Placer les communautés au cœur des décisions qui les concernent est une exigence fondatrice de l’action d’ADESA. C’est dans cet esprit qu’un atelier de capitalisation partielle du projet PRECAN a été organisé dans la commune de N’guigmi, couvrant ses deux sites d’intervention. Conduit par l’ONG Action pour le Développement du Sahel (ADESA) avec l’appui financier du Fonds Humanitaire Régional pour l’Afrique de l’Ouest et du Centre (FHRAOC), cet atelier a rassemblé les leaders communautaires, les bénéficiaires directs, les services techniques déconcentrés et les équipes de terrain autour d’un double objectif à savoir d’établir un bilan consolidé de l’ensemble des activités menées et de renforcer les capacités des parties prenantes en vue d’une appropriation durable et d’une pérennisation effective des acquis.
Fondée sur une démarche participative et inclusive, la capitalisation a donné lieu à des échanges d’expériences nourris entre tous les acteurs. À travers des focus groupes structurés et des entretiens approfondis, les participants ont revisité ensemble le parcours du projet notamment ses dynamiques communautaires, les changements de pratiques induits et les nouvelles compétences acquises en matière d’adaptation aux aléas climatiques. Ces espaces de dialogue ont permis de construire une mémoire collective du projet, indispensable à sa valorisation et à sa reproductibilité.

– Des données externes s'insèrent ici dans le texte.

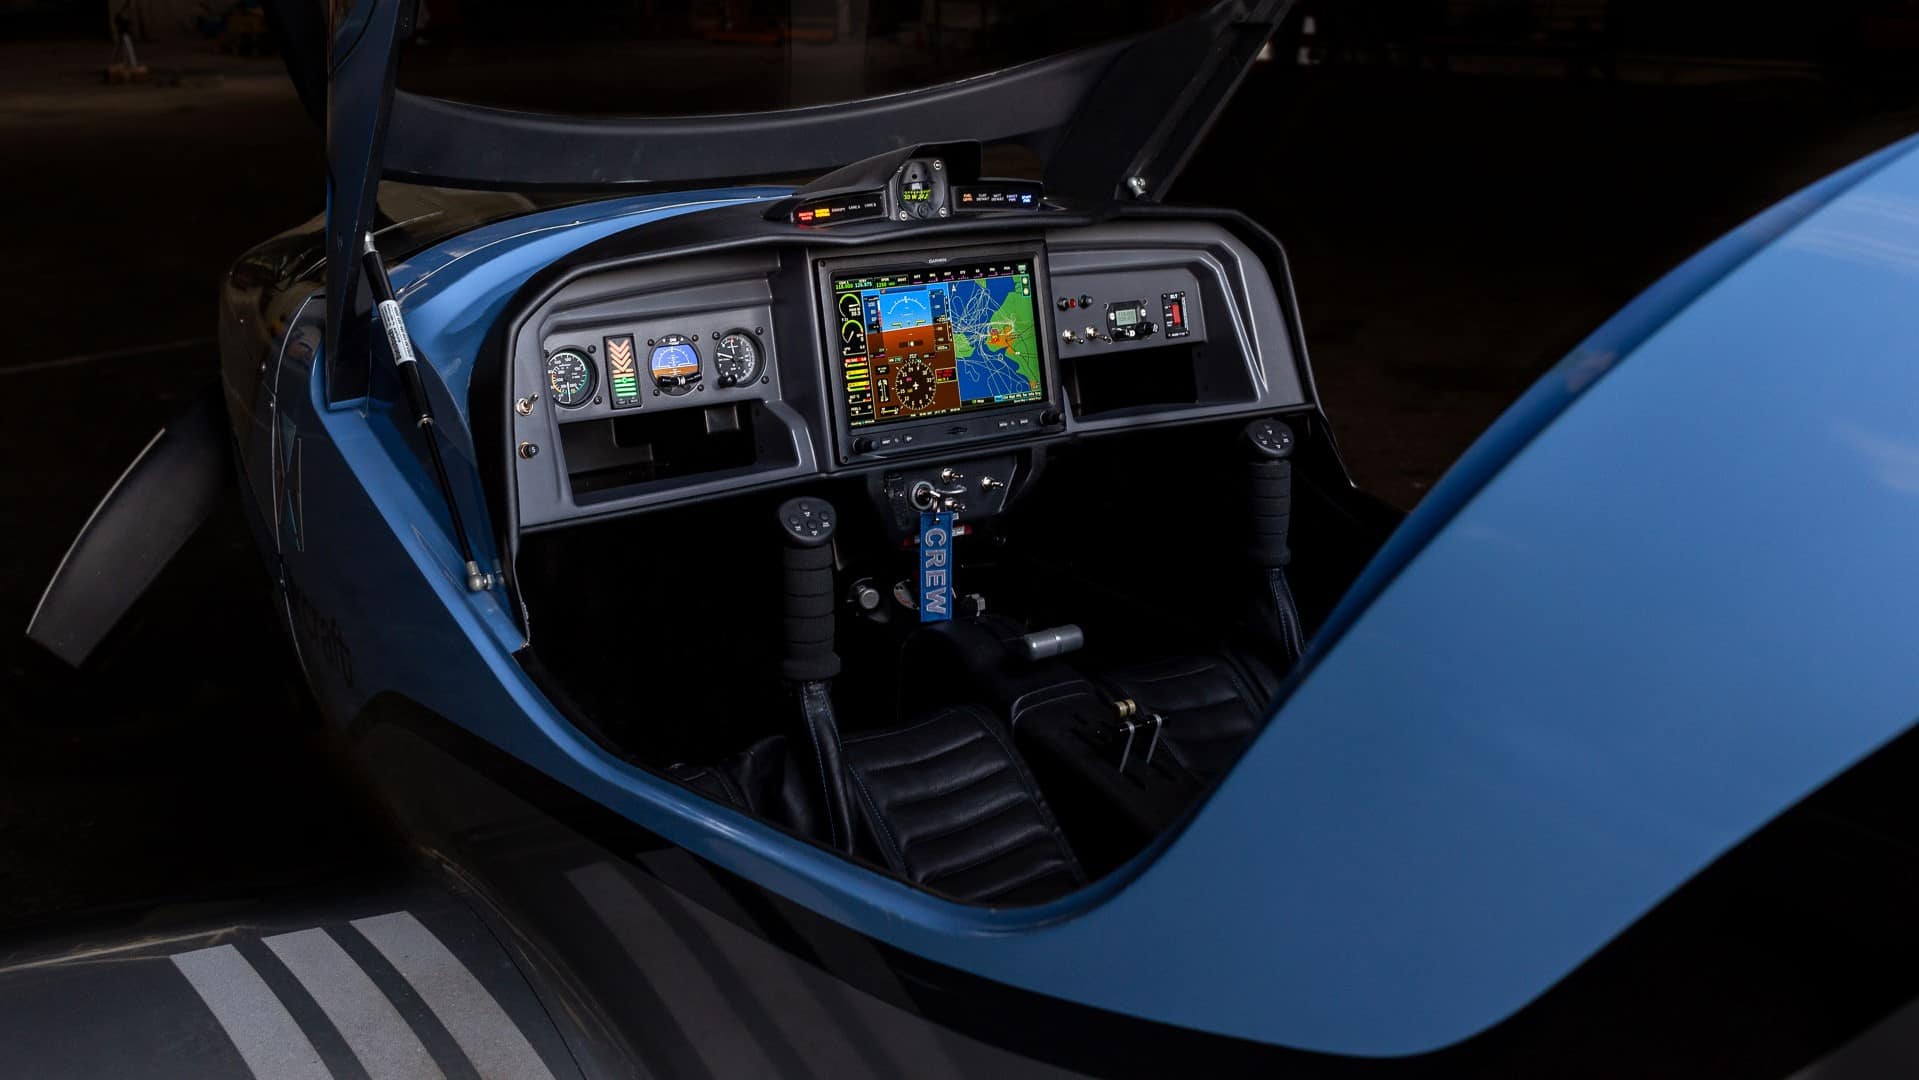 The cockpit of the Elixir is the most simple you can find in a certified aircraft today. The Garmin G3X merges all flight parameters in one screen.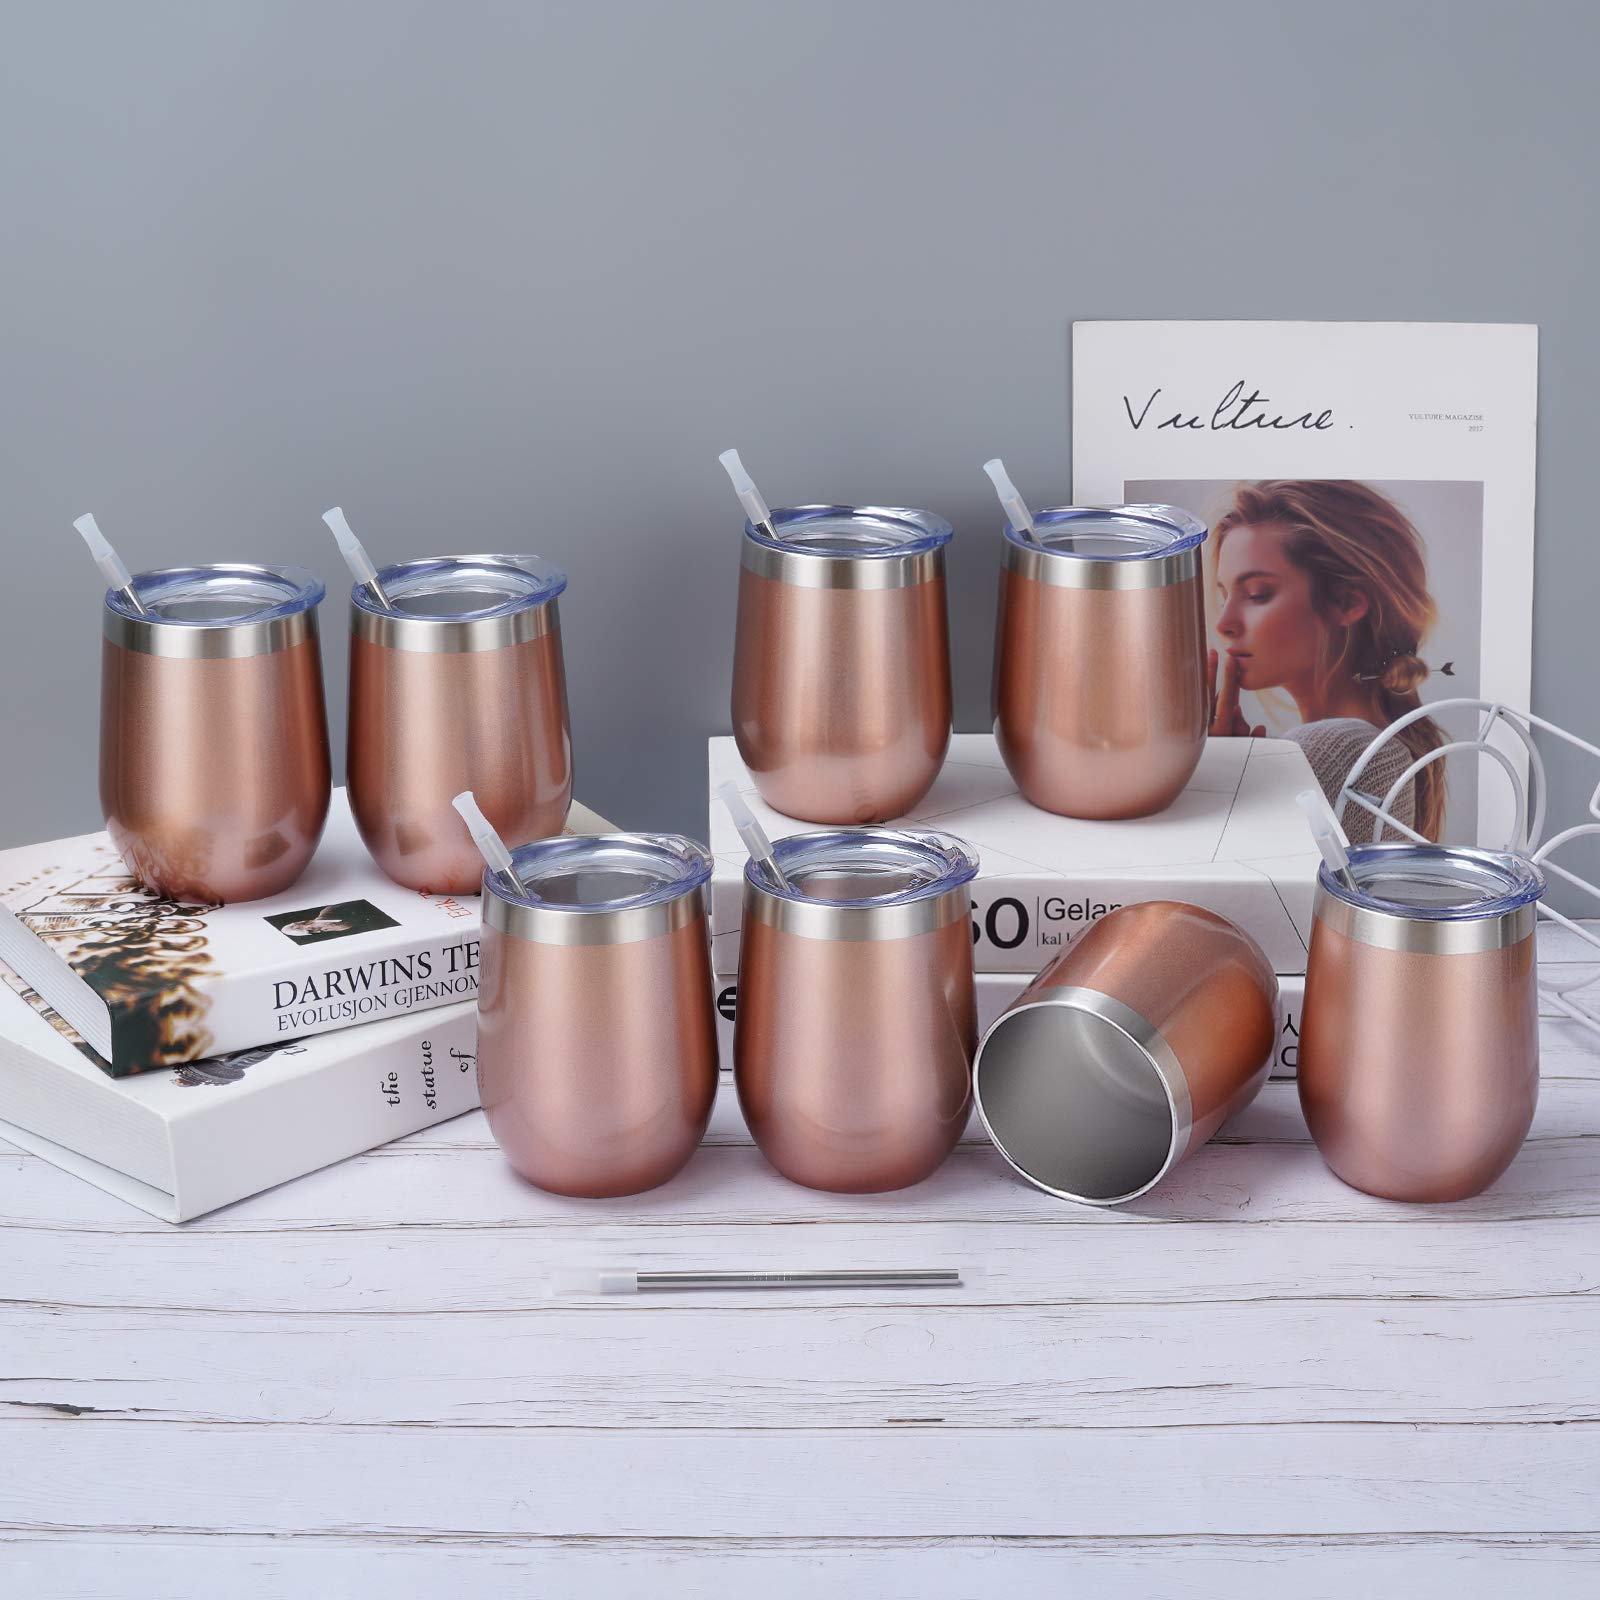 8 Pack 12 Oz Stainless Steel Stemless Wine Tumbler with Lid and Straw, Double Wall Vacuum Insulated Wine Glass for Wine, Coffee, Cocktails, Champagne, Ice Cream, Outdoor, Picnic, Set of 8, Rose Gold

Les échanges ont également permis d’identifier les défis persistants qui limitent l’impact du projet. Abordés comme des leviers d’amélioration, ces constats ont conduit les participants à formuler plusieurs recommandations stratégiques à savoir adapter les formations pratiques aux réalités de chaque site, consolider les mécanismes collectifs d’adaptation climatique en valorisant les savoirs locaux, renforcer le suivi des impacts et améliorer la coordination entre les services techniques et les équipes de terrain.
Les données collectées font actuellement l’objet d’une synthèse et d’une analyse approfondies, afin d’éclairer les ajustements programmatiques nécessaires à la poursuite du projet. À travers cette démarche, ADESA réaffirme que les populations de N’guigmi ne sont pas de simples bénéficiaires au contraire, elles sont les premières actrices de leur résilience, et les gardiennes des acquis que le projet PRECAN contribue à ancrer durablement dans leurs territoires.